The issue is troubling for many reasons but there are two points that particularly bother me in regards to the kids. The first is that they are so massively tied in to the ether via the internet and increasingly through the newly termed “Sensornet”, the increasing number of interconnected devices. An entity with the resources – and boy howdy, the NSA has those in terabytes – can carefully craft together an accurate picture of an individual’s beliefs, likes, dislikes and opinions for the highest bidder; in the aspect of a free society, it can also be used to apply pressure to silence an uncomfortable opinion. The second point is that the news-media is largely now controlled by no more than a half-dozen corporate entities and with the rise of corporate fascism within the past two decades or so, there are fewer and fewer places for these youngsters to go for truly independent news. While it’s impossible to eliminate full bias from any news source, there are now far greater and lucrative reasons to assert control over the news flow and corporations are generally not run by people who are willing to place their companies and paychecks at risk. The rise of the terrorist threat – whether it’s that everpresent or just another straw bogeyman to be conveniently exploited – means that there’s a plethora of opportunities for the media to push a specific message, which is about the need for security and increasing vigilance that begins to conflict with our most core freedoms.
So if it’s my job to prepare the kids and make them aware, I have to look for any opportunity to create a teachable moment. Such was the moment some months ago after we spent a Tuesday evening watching NCIS. It was another of those episodes in which Gibbs’ team is against the wall trying to defuse a potential terrorist plot and McGee realizes that he can surreptiously crack some firewalls and obtain crucial data that makes the plot stoppable. There’s the nod to legal process with the warning that this could be a problem without warrant, but Gibbs and/or Vance will quietly nod and then make a cryptic remark that is in itself an approval of the measure. My full disclosure is that I like NCIS and have watched it for years, developing an affection for the characters, most particularly the wiseass DiNozzo. But after that episode, I engaged Youngest in a conversation after he’d gone online at the family computer.
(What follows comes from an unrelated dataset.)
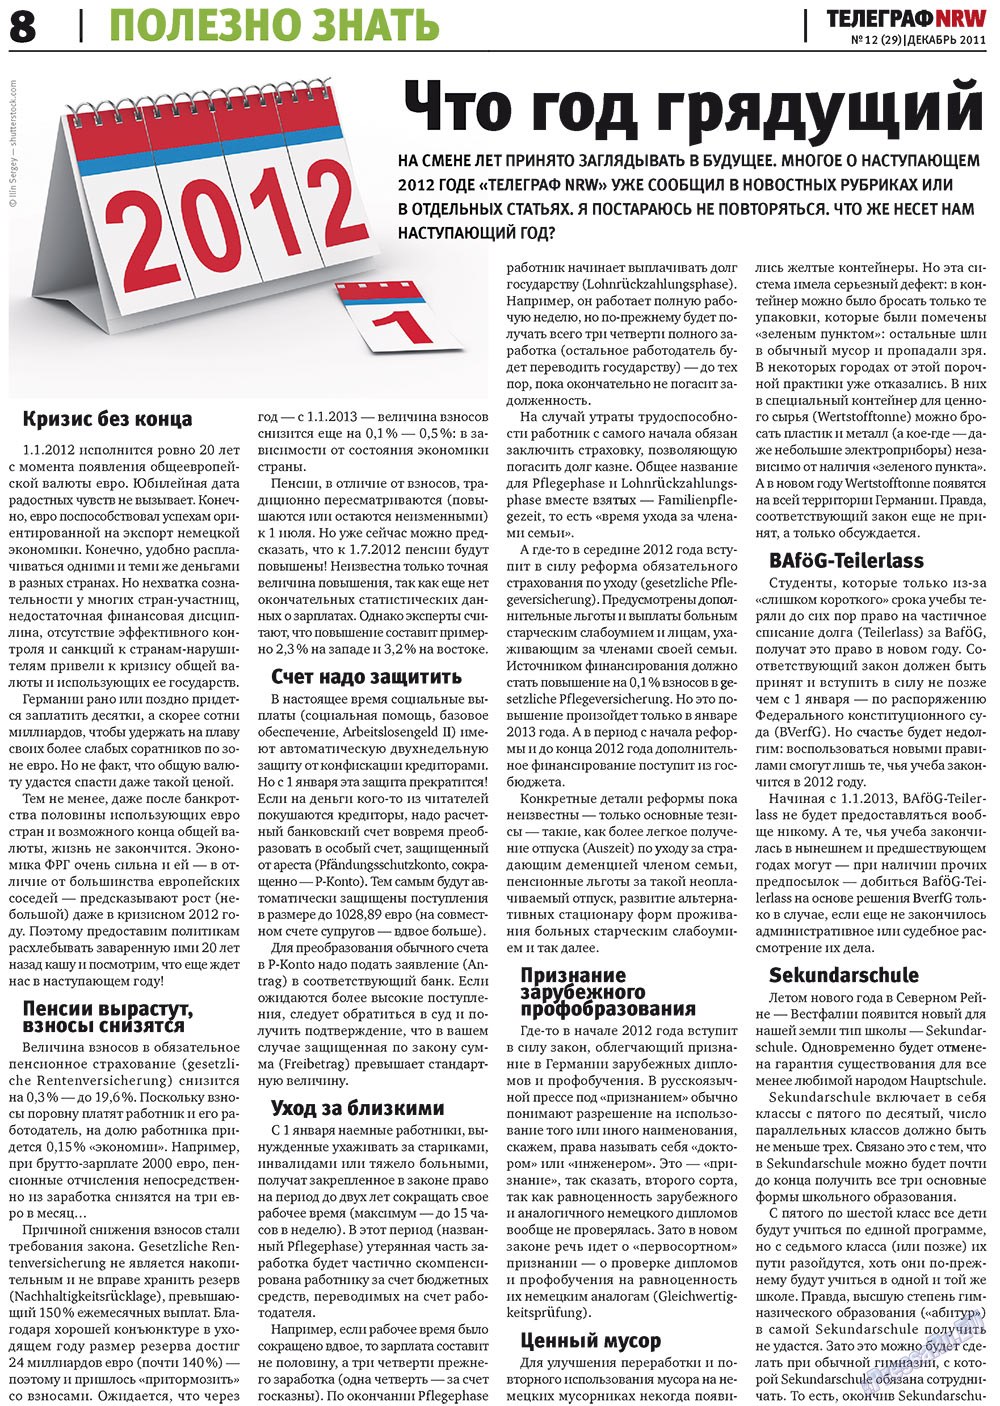 Телеграф NRW (газета). 2011 год, номер 12, стр. 8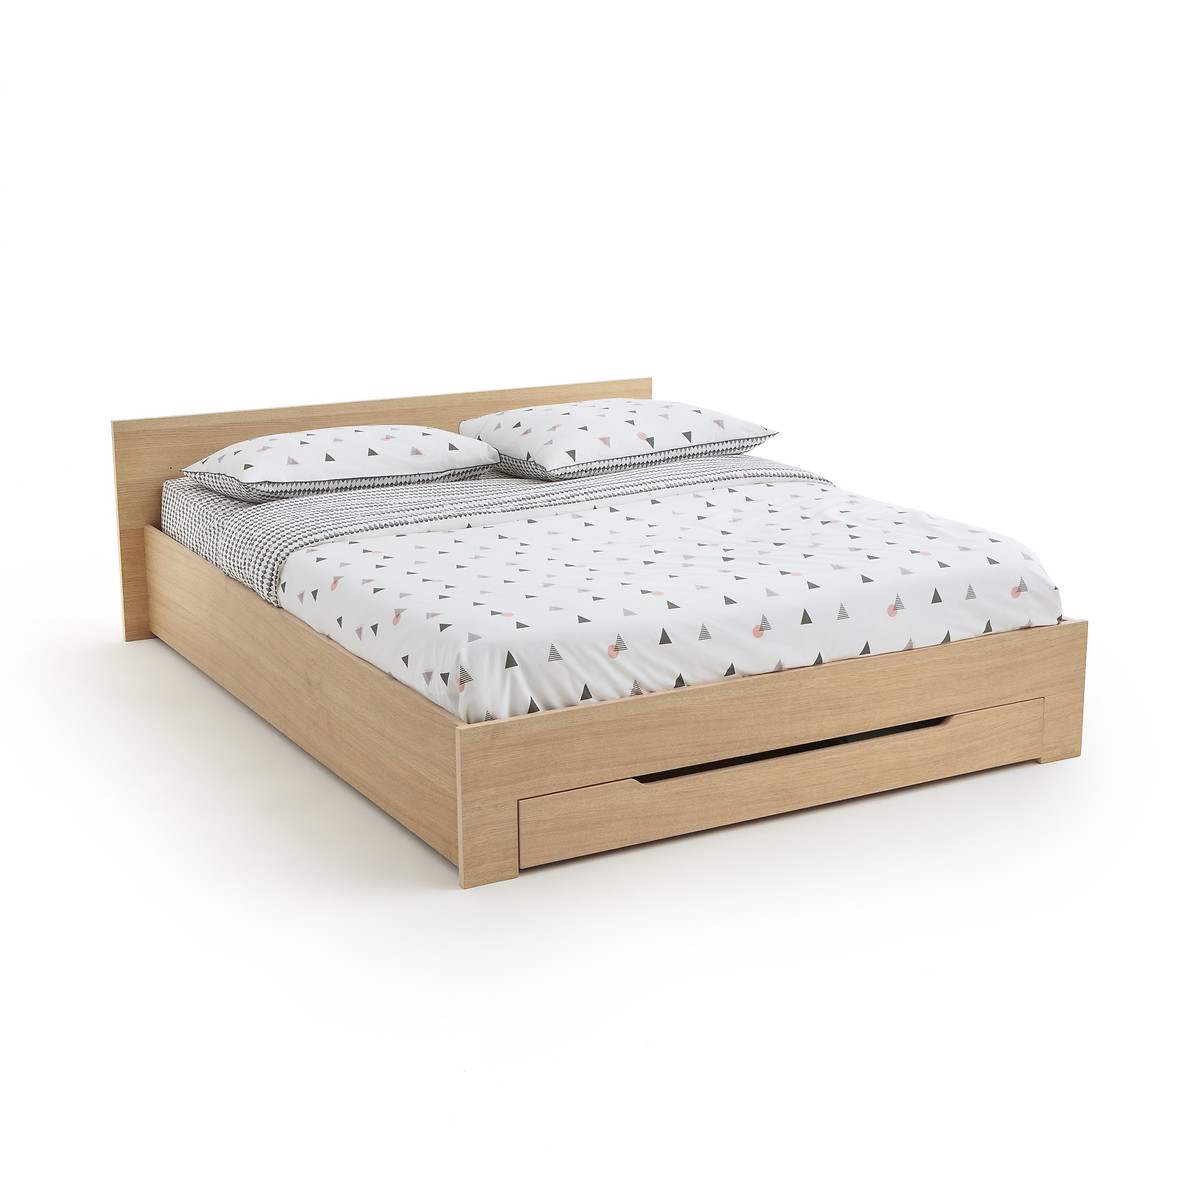 Кровать С каркасом для матраса и выдвижным ящиком CRAWLEY 140 x 190 см каштановый

The brief talk – and it can’t take huge amounts of time – centered on what the team did to crack the case. Here’s my problem with it, I said. Did they crack the case? Youngest responded that they had, to which I asked what if that wasn’t McGee at the terminal? What if that was someone else, someone that you didn’t necessarily know and trust? Would that make what they did the right thing to do? Youngest – now in seventh grade – has had enough conversations to understand the notion of legal process and could see that the process had been upended in the interest of public safety. But my subsequent conversation with him went to the need for the process in the first place. I pointed out the recent issues with the IRS, specifically in regards to using it as a political tool against libertarians and conservatives, as well as the Obama Administration’s vicious war against whistleblowers, who often were moral people who were trying to shed light on abuses within the system and not incompetents or malcontents. It might seem heady stuff for a middle-schooler, but the reality is that the kids are generally capable of understanding topics if you’ve raised them to “play up” in conversations and have tried to make them as understandable and matter-of-fact as possible. There have been times with my own kids when they’ve asked questions on the spur and I’ve told them that I’ll come back to them after having a chance to think about it. It isn’t that I don’t know the facts or have an opinion on it, but that I need a little time to think through how to present an answer that’s understandable for the age level; that said, there have been a few instances where I’ve gone back to fact-check myself so I don’t come off sounding like a moron (not a hard thing to do sometimes). One or two days later, I’ve come back with Remember that question you had about…?
The point to the conversation was to at least give Youngest a glimpse into the issue of government surveillance, that there was more there than just a friendly fictional scout-leading character on a popular television show who could be upending the process. It was also to give him a sense that the legal processes are there for solid reasons and that the technology can be a double-edged sword, to protect the common person from the vagaries and senses of the poltical operatives and hacks that populate the upper levels of the various bureaucracies, willing and able to abuse the system for the ends of themselves or the hands that feed them.
There have been other situations that have arisen since then that have led to further conversations on the question of privacy and surveillance and both my wife and I have pointed them out to one or more of the kids as they’ve been around. The point is to make yourself aware of the issues in our society and whenever possible, find a way to present them to the kids so that they have a grounding as they grow. These are the years that will allow them to begin developing the habits that protect them when they’re finally adults and my expectation is that America is going to have a moment of truth about how far the security apparatus should go in the pursuit of security.